A regular PivotChart would look like this:
In the PivotChart above, the title of the chart will remain the same regardless of the product selection.
However, it would be best if the title changes when the product selection changes in the slicer. For example, if the user selects Product D, then the title of the chart would be: Product D Sales; if the selection is Product C, then the title of the chart would be: Product C Sales.
In order to create the dynamic title, follow these steps:
1. Enter a formula in any cell to create the title. In this specific example, I created a formula in cell G1 to point to the report filter of the PivotTable:
2. Click on the title of the chart.
3. Type ‘= cell where you created the title formula’. For example, if the title is on cell G1 you should type ‘=G1’.
And that’s all! Now every time you change the report filter your chart title will change.
11. Dealing with empty cells in charts and sparklines [use na()]
Have you ever experienced this?
The previous graphs correspond to sales data where unfortunately there was no information available for May’15 and Oct’15.
In scenario A, the cells for May’15 and Oct’15 are empty and Excel shows the graph with empty spaces. In scenario B, I typed zero (0) in the months without data and then Excel shows zero sales.

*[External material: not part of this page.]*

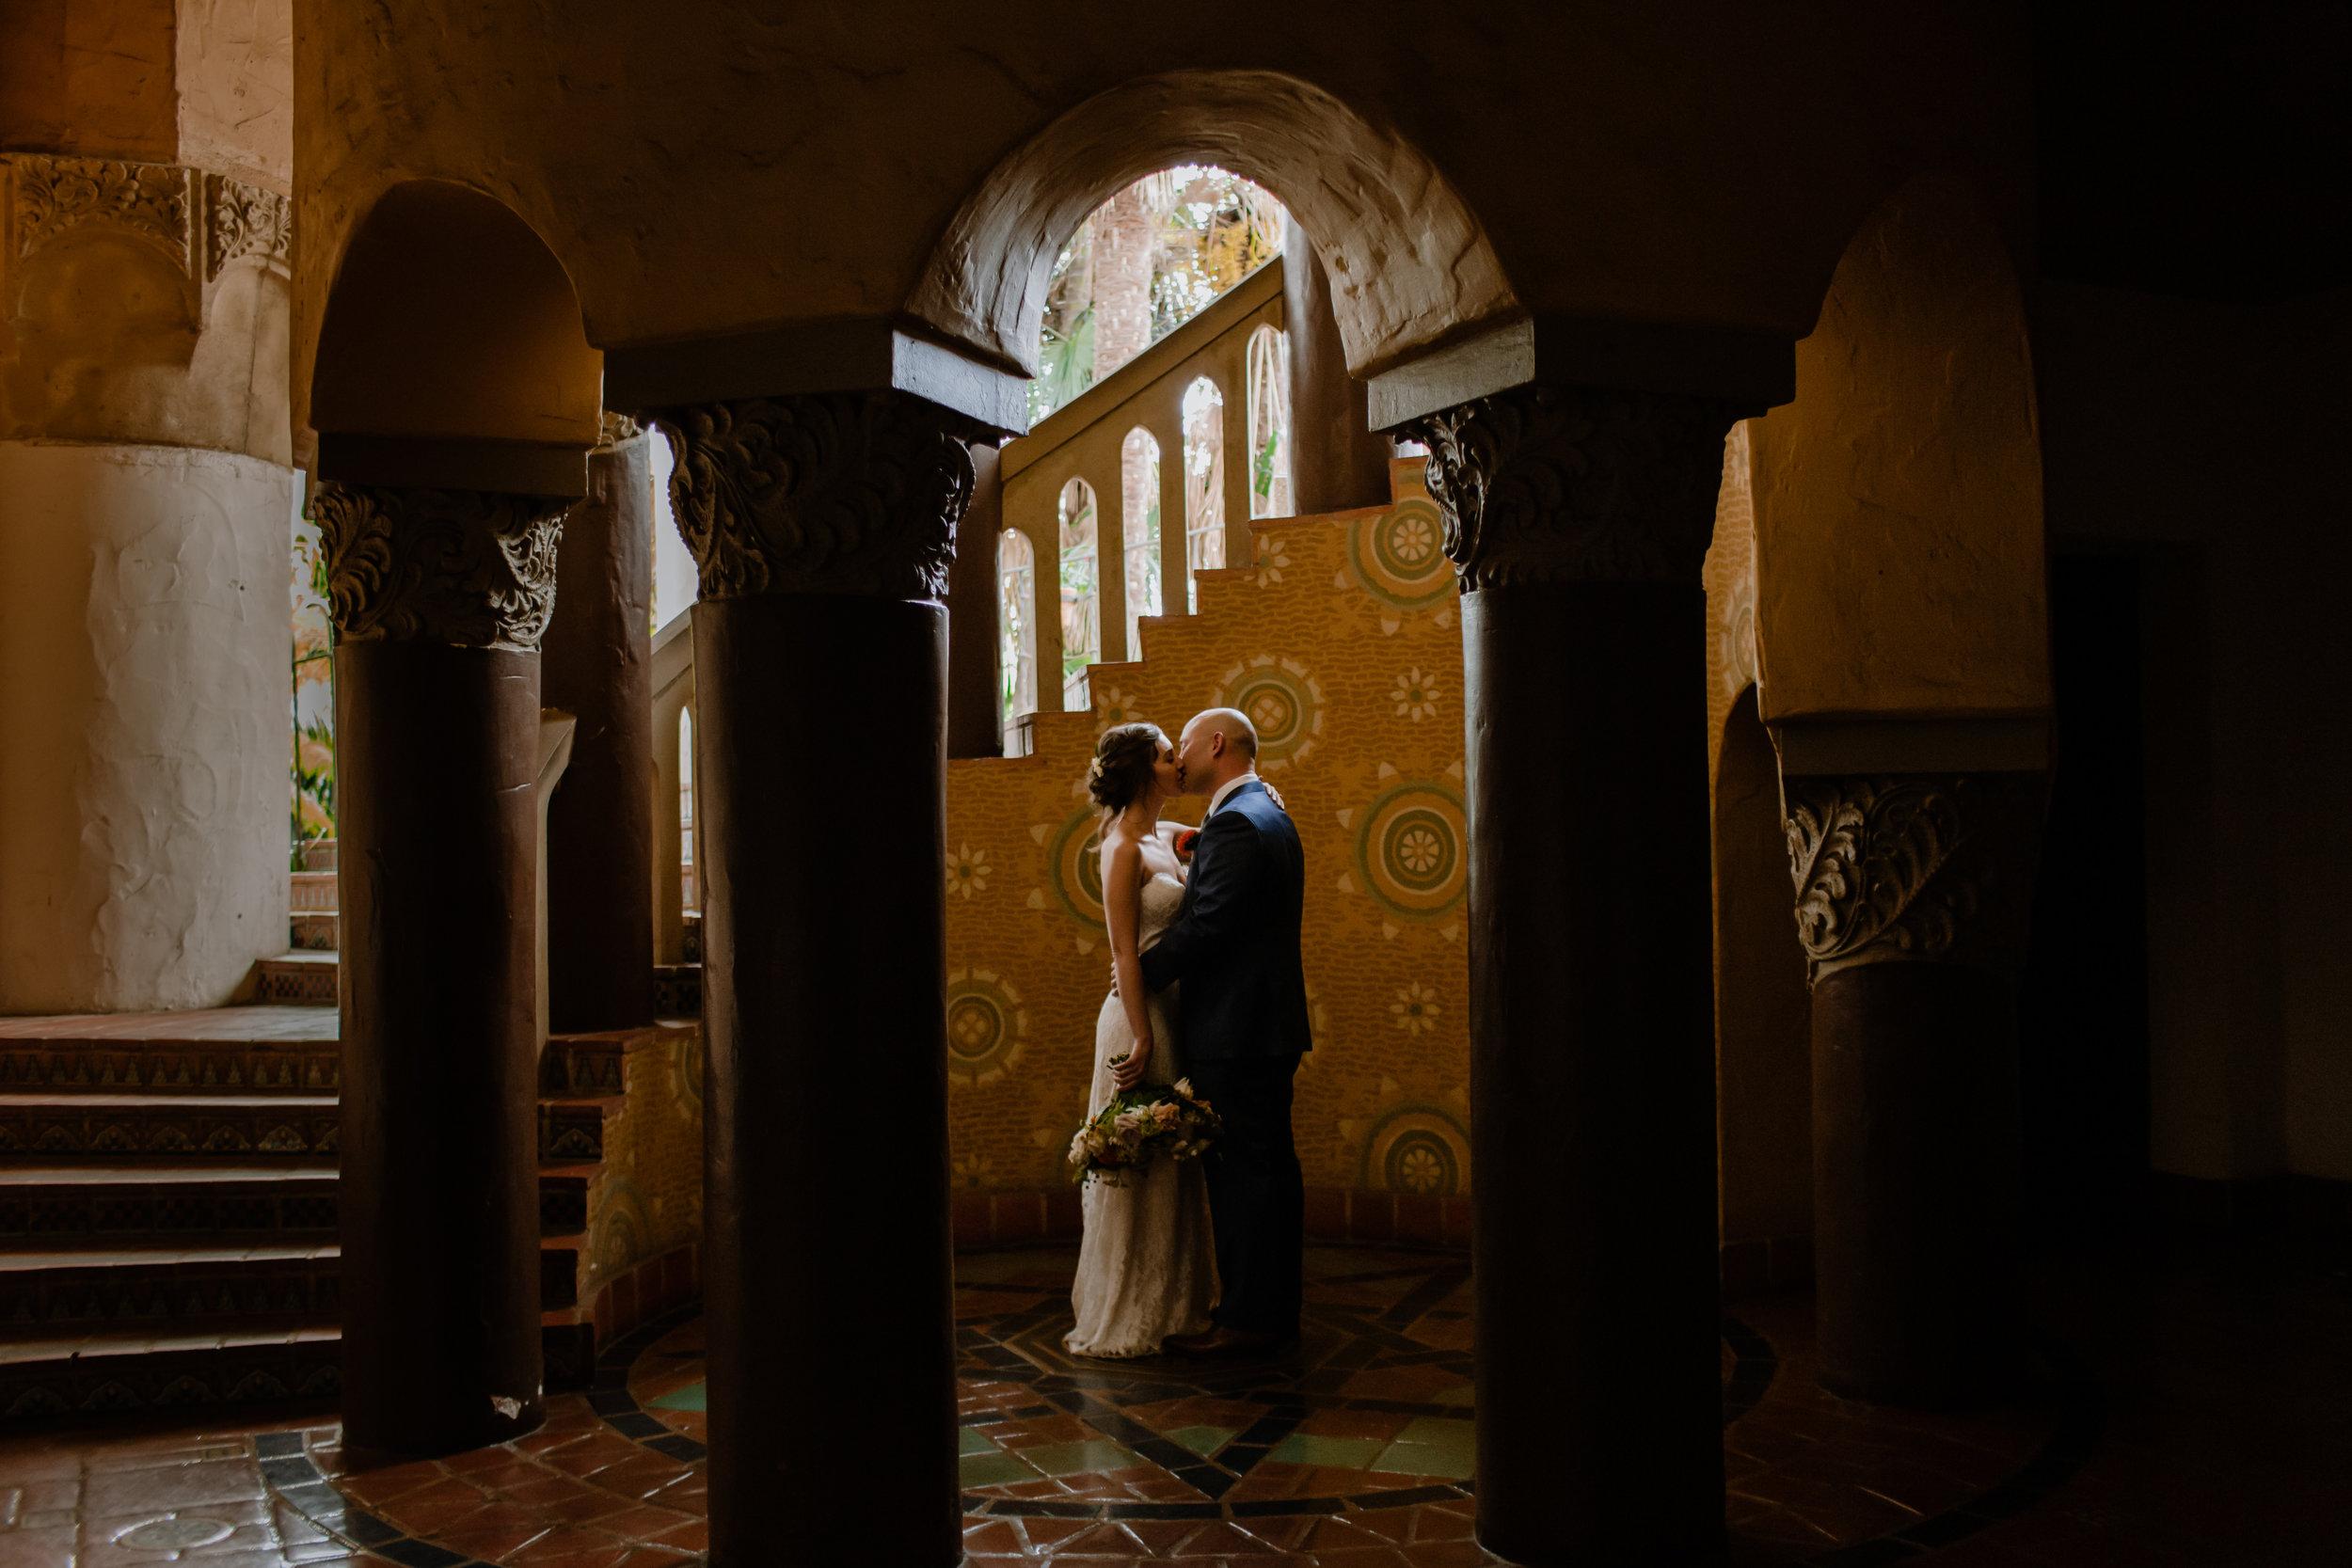 Robin and John Santa Barbara Wedding - Eve Rox Photography-102.jpg

An alternative approach would be to draw a line connecting the points with information. In order to accomplish this, you can fill the empty cells with NA. To do this just type =NA() in the empty cells. The resulting graph will look like this:
If you have lots of empty cells, rather than going one-by-one, use the Ctrl + Enter trick I showed in tip #4 of this tip. When using this trick, instead of typing ‘=cell above’ you need to type =NA() and press Ctrl + Enter.
12. Save time with quick analysis
One of the major improvements introduced back in Excel 2013 was the Quick Analysis feature.

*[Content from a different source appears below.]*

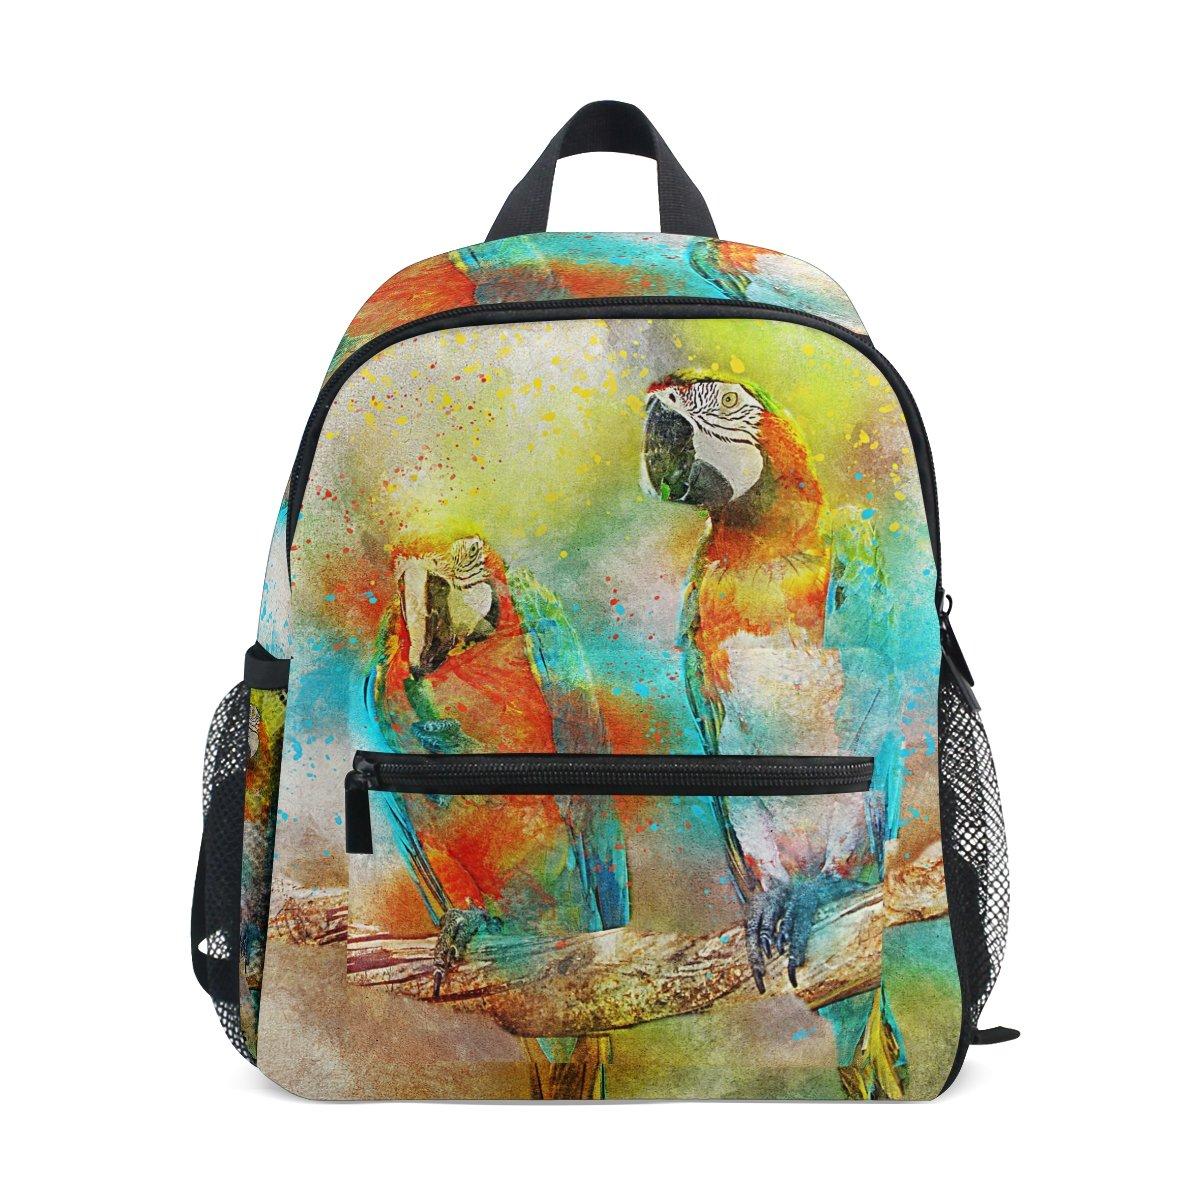 MUOOUM Colorful Bird Parrot Art Painting Kids Backpack Pre-School Toddler Bag Travel Daypack for Boys Girls

This feature allows you to quickly create graphs, sparklines, PivotTables, PivotCharts, and summary functions by just clicking on a button.
When you select data in Excel 2013 or later, you’ll see the Quick Analysis button in the bottom-right corner of the range selected. If you click on the Quick Analysis button you’ll see the following options:
When you click on any of the options, Excel will show a preview of the possible results you could obtain given the data you selected.

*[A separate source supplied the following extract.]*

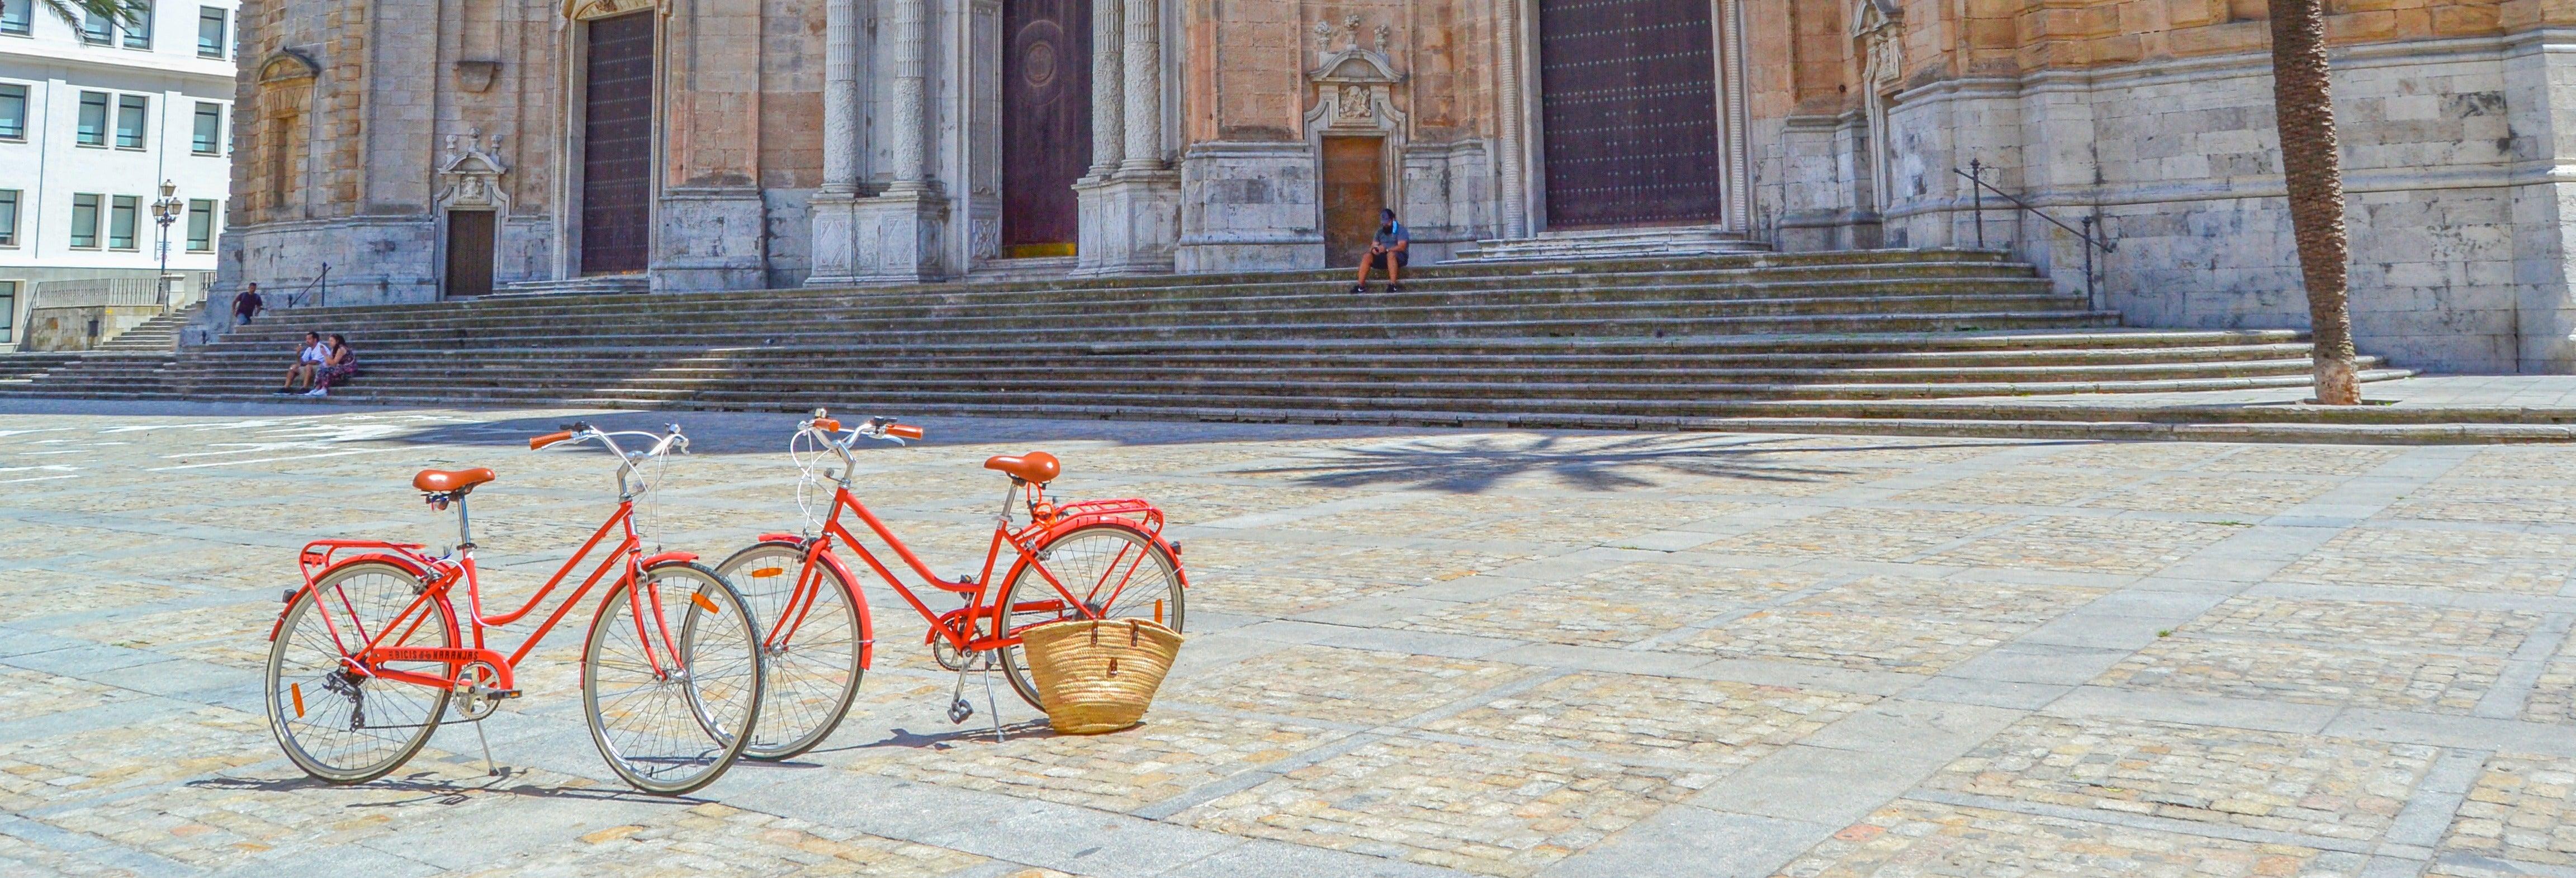 Alquiler de bicicleta en Cádiz

Let’s say you’re working with the following data set:
If you click in the Quick Analysis button and go to charts, you could quickly create the graph below just by clicking a button.
If you go to Totals, you can quickly insert a row with the average for each column:
If you click on Sparklines, you can quickly insert Sparklines:
As you can see, the Quick Analysis feature really allows you to quickly perform different visualizations and analysis with almost no effort.
This is just the tip of the iceberg. Excel has many more features to help you perform data analysis tasks more efficiently. Whether you need to visualize complex data or organize disparate numbers, Excel is the perfect tool to get your data in order.